Beamshots. FujiFilm S100FS. Manual exposure of 1.5Sec @ F2.8, lens on wide angle. Camera on a tripod.

1) Surefire M6 - MN21 - Regulated LiIon battery pack, fully charged.
2) My own P7 Barbo super Host - Direct Drive from 18650 LiIon cell, fully charged.
3) New Super Barbo Light with 3x MC-E M-bin, Direct Driven from 2x IMR26500 cells, with 0.21Ohm resistance

Group 1: Side of house next door
Baseline picture - no flashlights:






M6: (over exposed due to close distance)






Barbo P7: (over exposed due to close distance)






Barbo 3x MC-E: (over exposed due to close distance)

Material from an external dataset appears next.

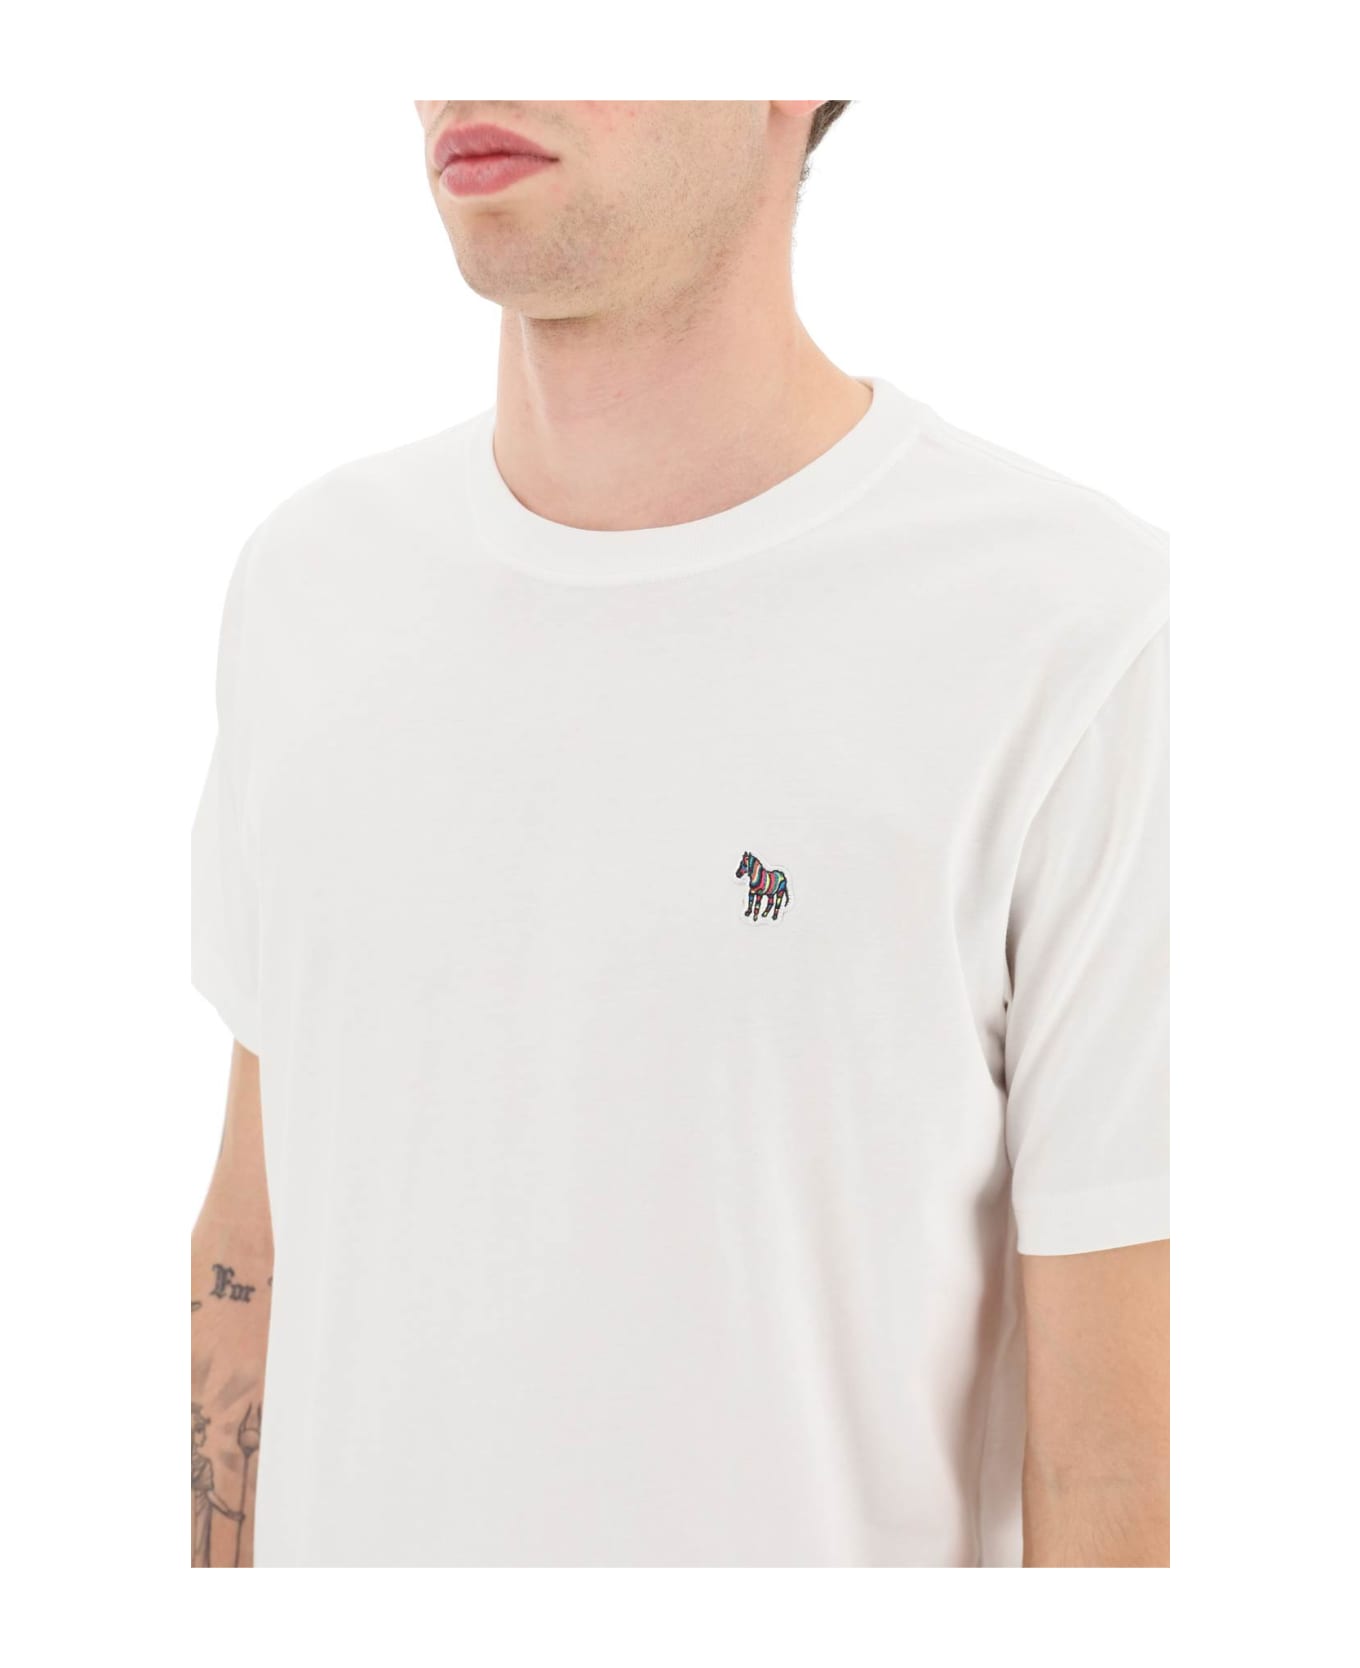 PS by Paul Smith Zebra Patch T-shirt - WHITE (White) シャツ

Group 2: Side of other house next door
Baseline picture - no flashlights:






M6:






Barbo P7: 






Barbo 3x MC-E:







Group 3: Street looking into trees
M6:






Barbo P7: 






Barbo 3x MC-E:







Group 4: Looking deep into the trees
M6:






Barbo P7: 






Barbo 3x MC-E:






Comparison side-by-side. M6 on the left, 3xMC-E on the right







Waking along a sidewalk:
M6:






Barbo 3x MC-E:







Early comments: 
1) the 3x MC-E version is much brighter than the M6, but the M6 has more throw given its larger single reflector and single point of light.
2) I am surprised as to how much useful wider the sidebeam is in the 3x MC-E.
3) Up close, it is almost too painfully bright to use (in this regard the single P7 light is very nice).
4) I only did quick ON/OFF to take pictures of all lights, but the 3x MC-E light was definitely getting warmer - good thing that this will be underwater during actual use 

Will


----------



## donn_ (May 22, 2009)




----------



## darkzero (May 22, 2009)

:naughty: :twothumbs :wow:


----------



## Barbarin (May 23, 2009)

Wow!!!

This one is a a warm tint, wide angle lght, dedicated to video and photo and asked Will to make to me.

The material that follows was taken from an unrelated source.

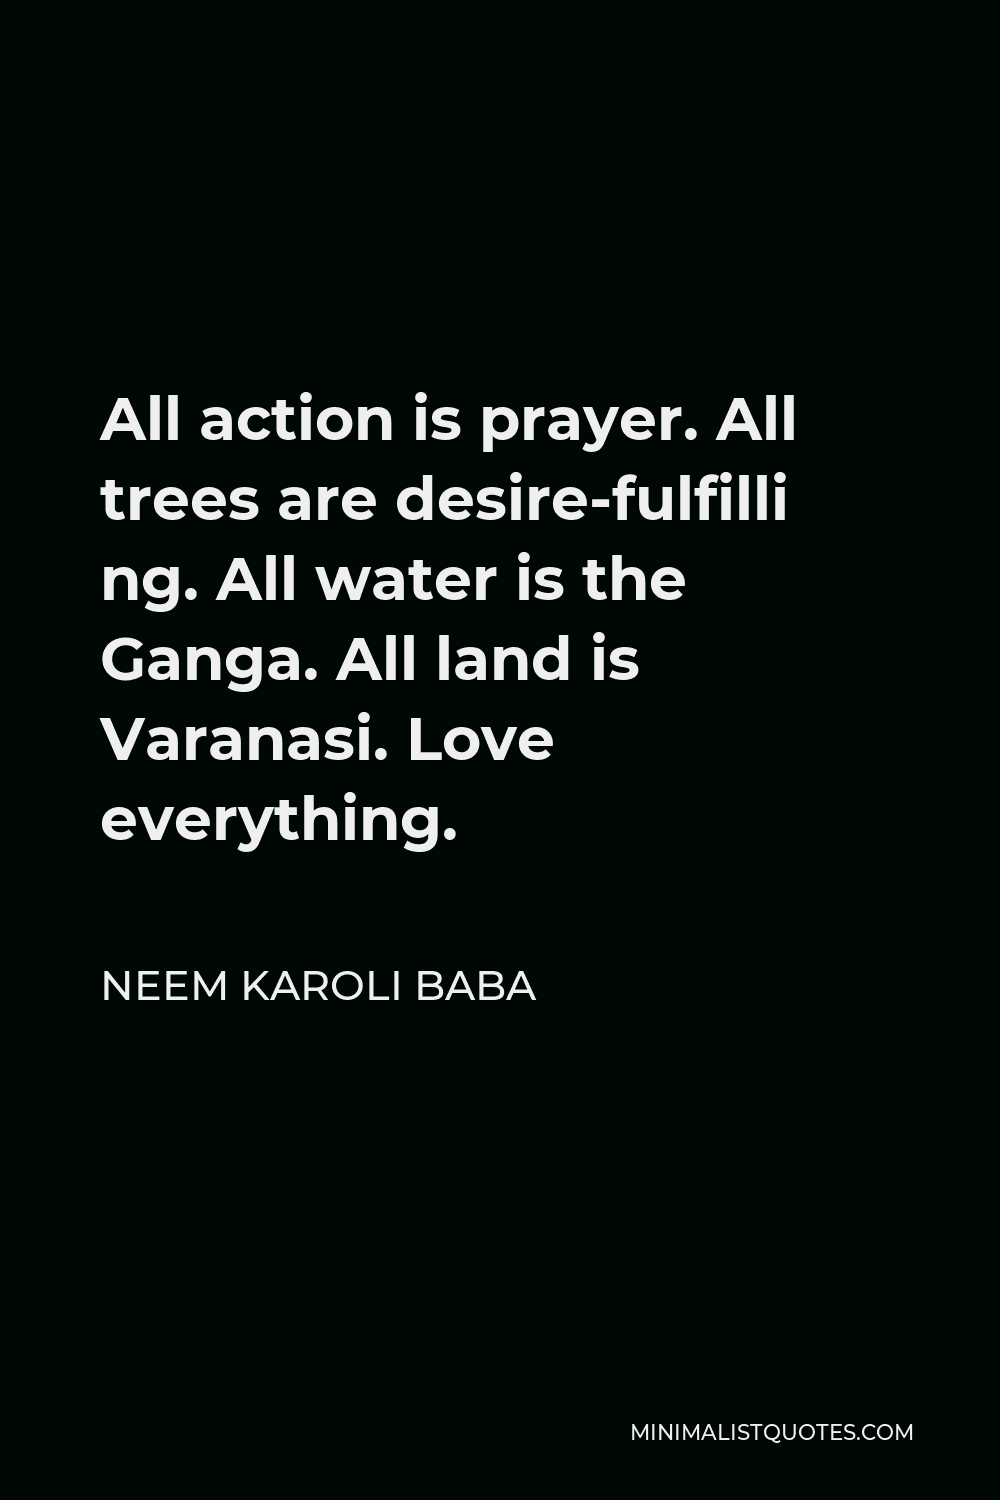 Neem Karoli Baba Quote - All action is prayer. All trees are desire-fulfilli ng. All water is the Ganga. All land is Varanasi. Love everything.

It looks I'm going to have a nice lighting system!!

Javier


----------



## wquiles (May 23, 2009)

Barbarin said:


> Wow!!!
> 
> This one is a a warm tint, wide angle lght, dedicated to video and photo and asked Will to make to me.
> 
> ...



The high output, natural tint, flood version will be the next one I will make for you. This one in particular uses a reflectored solution to give you a better range/throw, and used "M" bin MC-E emiters to give you the most output I could pack in this package. In other words, you will have to wait a little bit more for the wide-angle, photo-version of this host, but I think you will be pleased with the high-output longer-range version first 

Will


----------



## olrac (May 23, 2009)

:thumbsup:


----------



## Barbarin (May 23, 2009)

Anyway it looks great!!!

I have some other proposals for you..

Javier


----------



## cmacclel (May 23, 2009)

Looks good Will. I hate how the parallel Stars are designed. I would like then to have 2 contact points instead of 8! They should have 3 flavor of Star's

Series 
Parallel
2S2P

Also Alcohol takes that Flux off easy.

How are you wiring this up?? If you can fit 2 "C" size cells wouldn't a 2S2P be perfect?

I re-flowed a bunch of MC-E's last week. It was my first experience with solder paste. It was cool watching the emitter center itself!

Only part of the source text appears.